When I was a young, fresh, eager recruiter starting out, I’d get into the office early on Monday mornings to view all of the incoming faxed résumés. The flimsy fax-paper résumés spilled onto the floor, as so many were sent in response to the advertisements we placed in the New York Times “Classified” jobs section. This was an improvement from when I graduated college and needed to physically mail a typewritten résumé to the company.
Things have dramatically changed over the last 20-plus years. Job classified ads in newspapers are a relic of the past. Now, we are able to easily submit résumés via our smartphones. There are huge job aggregation sites, such as Indeed, Linkedin, corporate job sections on their sites and a plethora of specialized job sites.
The result was that it became much easier and faster to submit a résumé—compared to dialing in a fax number and hoping it makes it to the company. The downside is that companies get inundated with résumés. To effectively manage the flood of submissions, companies purchased software, commonly called applicant tracking systems (ATS), to manage the non-stop flow of applications.
A new Harvard Business School report asserts that computer software programs, used by the vast majority of large corporations, are broken. The study says that more than 10 million workers are barred from hiring discussions because of it. The adoption has been widespread. The report said that ATS platforms are utilized by 99% of Fortune 500 companies and 75% of the 760 U.S. employers Harvard surveyed.
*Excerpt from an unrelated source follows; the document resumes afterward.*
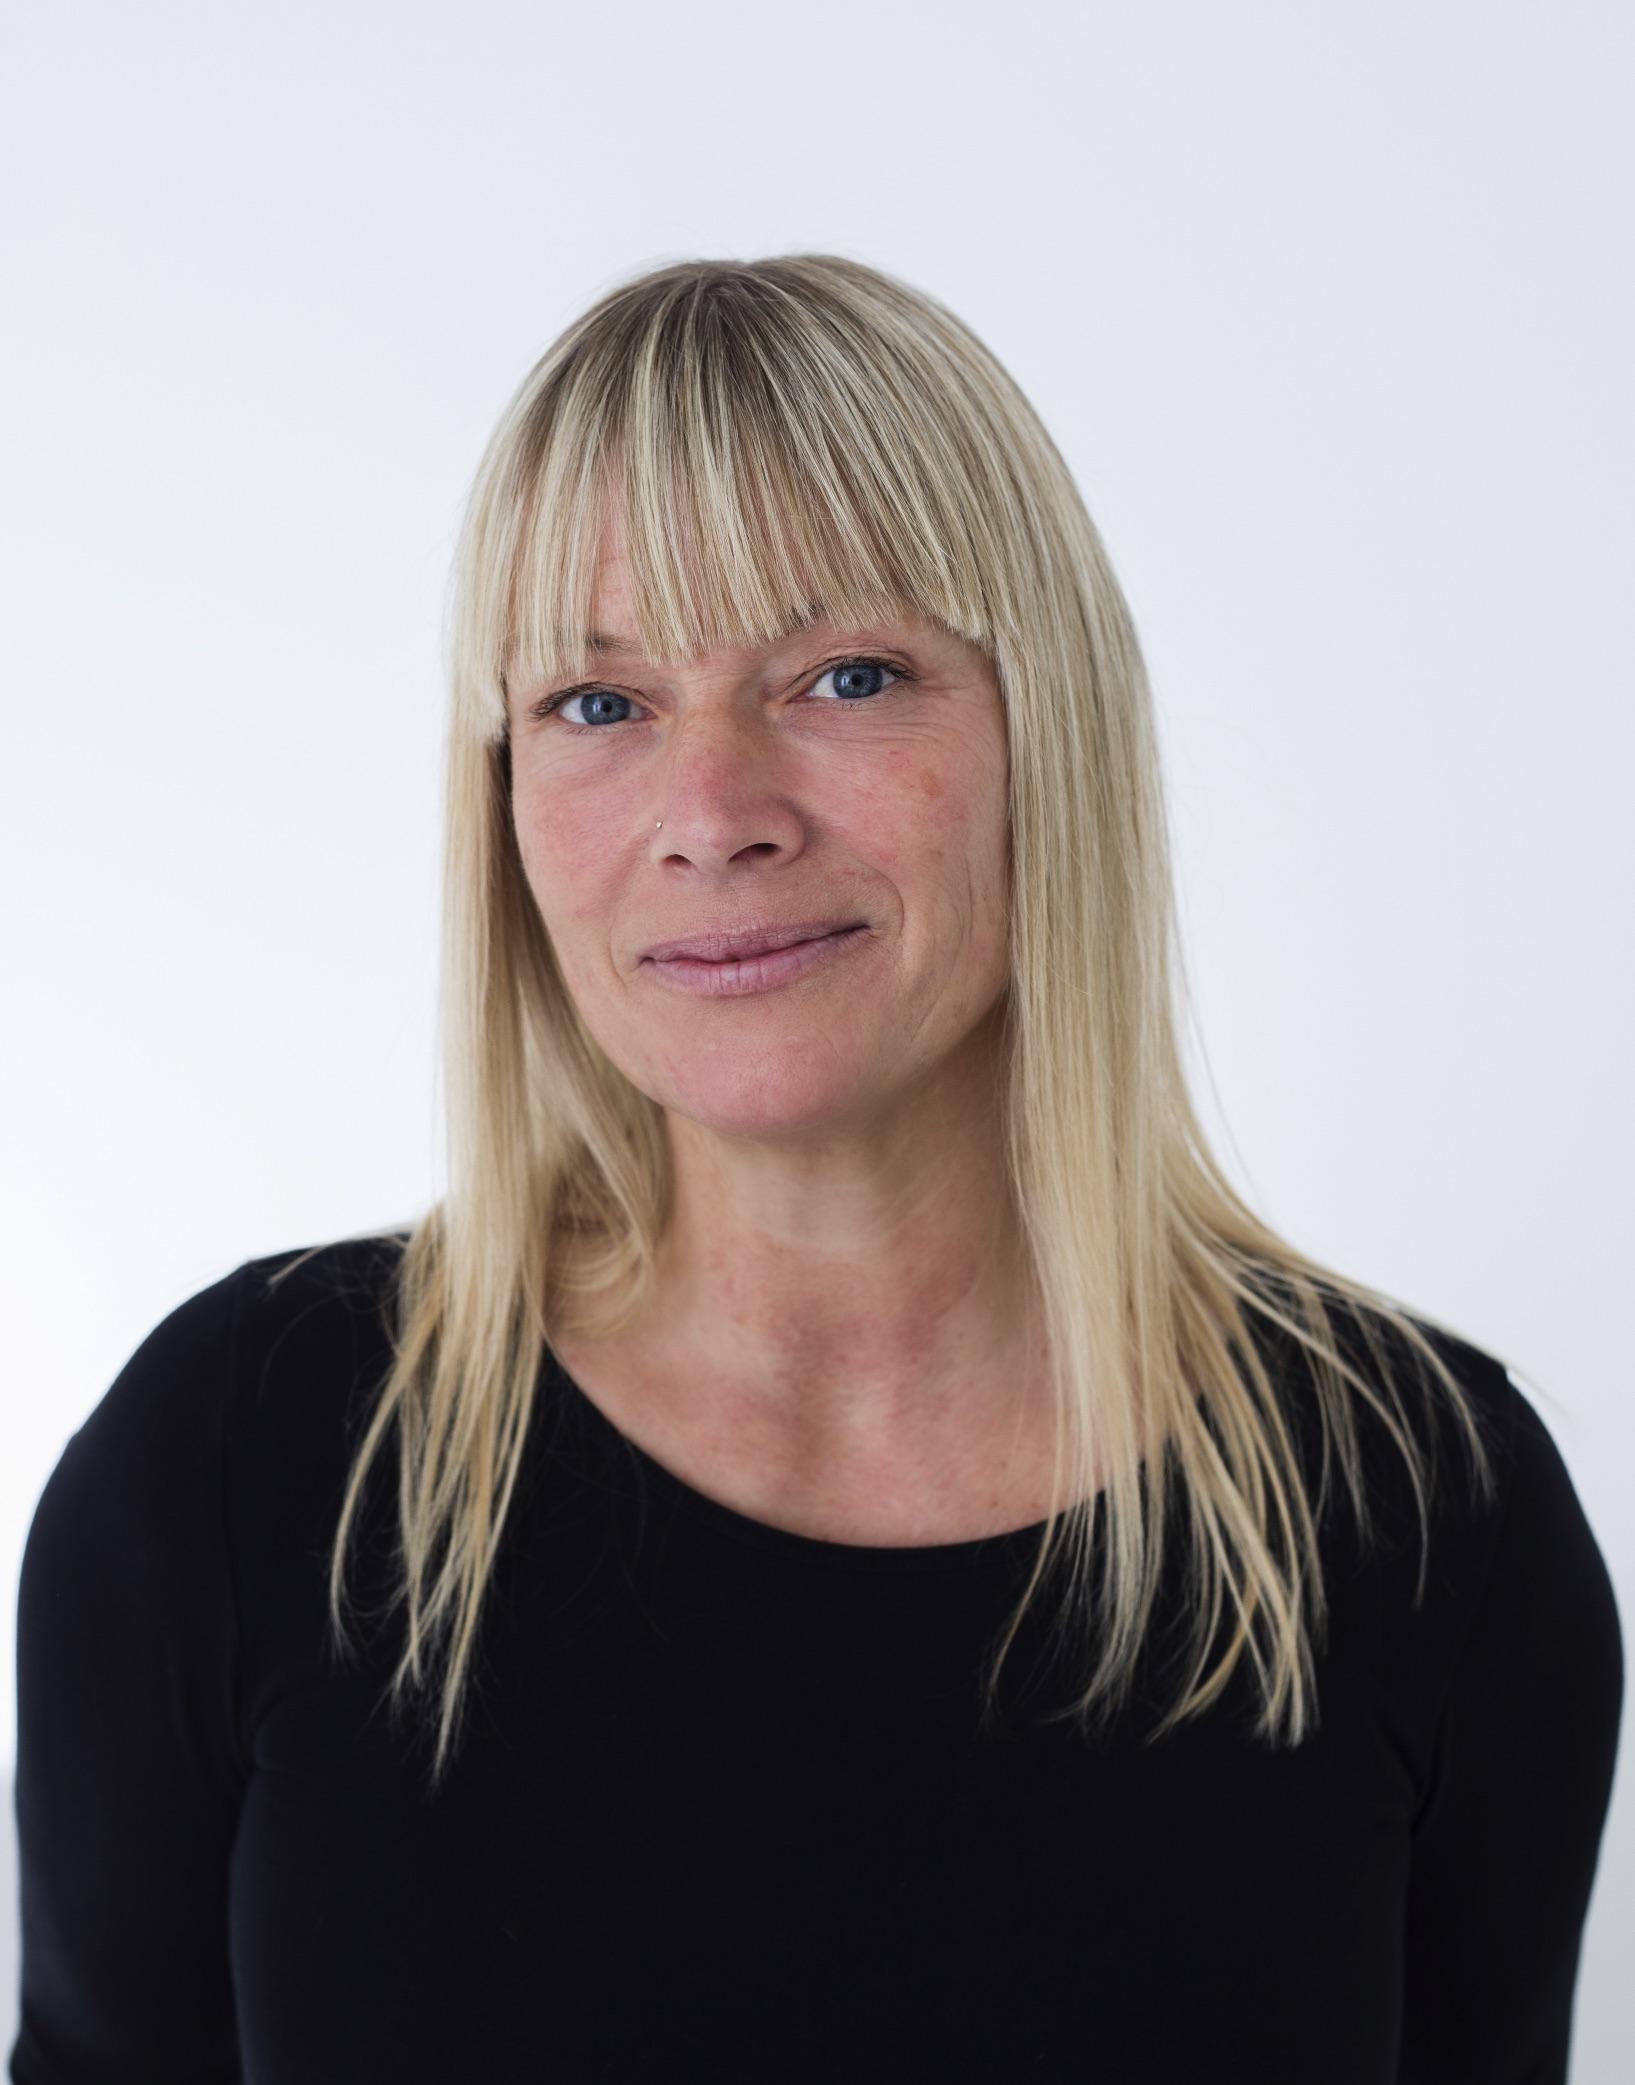 Udgang af Hanne Mølgaard, Kortroman
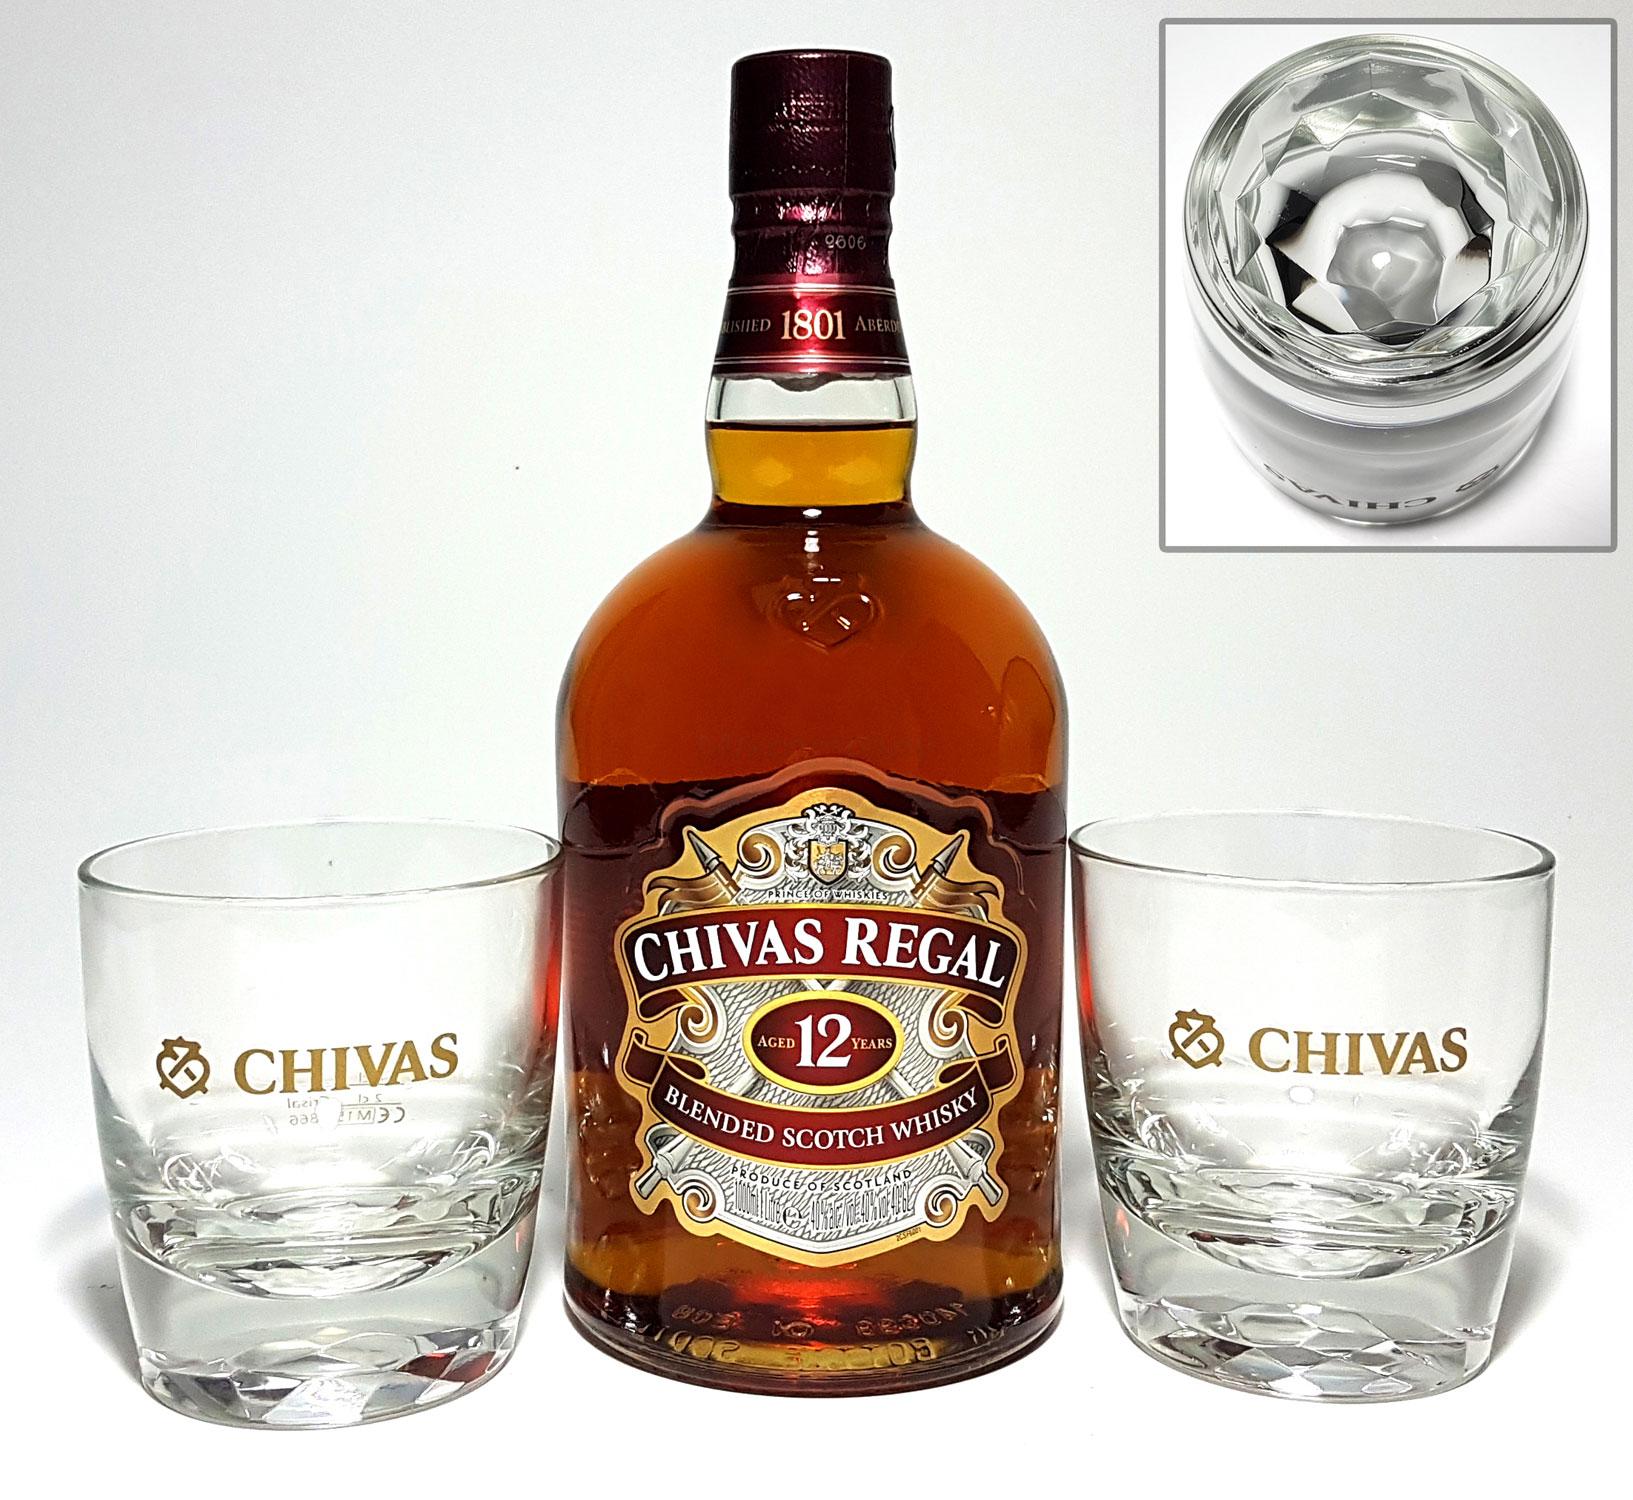 Chivas Regal 12 Jahre Blended Scotch Whisky 1L (40% Vol) + 2x Tumbler mit Diamanteinfassung

Job seekers have been complaining for years that the applicant tracking system used by businesses is cold, impersonal and overlooks their submissions. It’s become viewed as an evil blackbox tool used to prevent people from getting the jobs that they desire. This study seems to corroborate their viewpoint.
The software is used, in part, to rank people relative to the job that they are applying for. The ATS will search for relevant keywords, skills, college degrees, responsibilities, credentials and other factors that would indicate that the hiring manager or internal corporate recruiter would select the person for an interview. With so many résumees and the proliferation of companies using ATS software, it’s easy for a job prospect to get lost in the crowd.
The study misses an important part of the job search process. Sending a résumé is not the only way to find a job. Career coaches and recruiters recommend that people should actively network. Internal referrals account for one of the largest sources of hiring. It’s the old adage, “It’s not what you know, but who you know.”
You can successfully navigate the software systems. The first thing to do is apply for jobs where you possess the requisite qualifications. It’s fine to shoot your shot, but don’t get discouraged if you’re passed over, in favor of someone who holds all of the qualifications and is a better fit.
Tailor your résumé to fit the job description. Use the applicable keywords, plus the acronyms that mirror the job description. Avoid applying to too many job listings at one company, as it looks like you’re spamming and aren’t serious about a specific role.
Include all of your qualifications, professional experience, education, skills, software knowledge, responsibilities, licenses, certificates and all other credentials associated with performing the job. The robots will scour your document for these key phrases, as it relates to the job description.
Investigate the company’s website to ascertain its corporate culture. You want to see how they view themselves and what language, jargon, buzzwords and phrases they frequently use. The chances are high that the company programmed these types of keywords into its résumé screening software.
Avoid using tables, columns, unusual fonts, headers, footers, graphics or anything that could trip up an artificial intelligence bot that’s reviewing the document. Try not to lie or widely embellish, in an effort to exact revenge on the robots. When the résumé leads to an interview, you could be in for a very awkward conversation when pressed on the “white lies” and exaggerations.
Sometimes human interactions beat artificial intelligence. One of the best ways to conquer the evil robots reviewing your résumé is to find an actual human being. Find a person who you know that is employed at the company. Ask them if they could share your résumé with the appropriate hiring manager and put in a glowing recommendation. If you don’t know anyone, get in touch with your network to see who you know that may know someone at the organization.
Enlist the help of a recruiter who specializes in your field of expertise. Executive recruiters tend to have tight connections with managers, human resources and executives. They could keep you in mind when suitable jobs open up and help you get in the door. A bold move is to hit up the hiring manager or someone who looks like they’d be responsible for the job you want and reach out to them directly on LinkedIn with a personalized note indicating your intentions.
You may have a second or third chance. One you’re in a corporate database, it may remain there for a long time. Internal talent acquisition and human resources may pull your résumé for a job that you’re suited for months after you initially applied for the opportunity.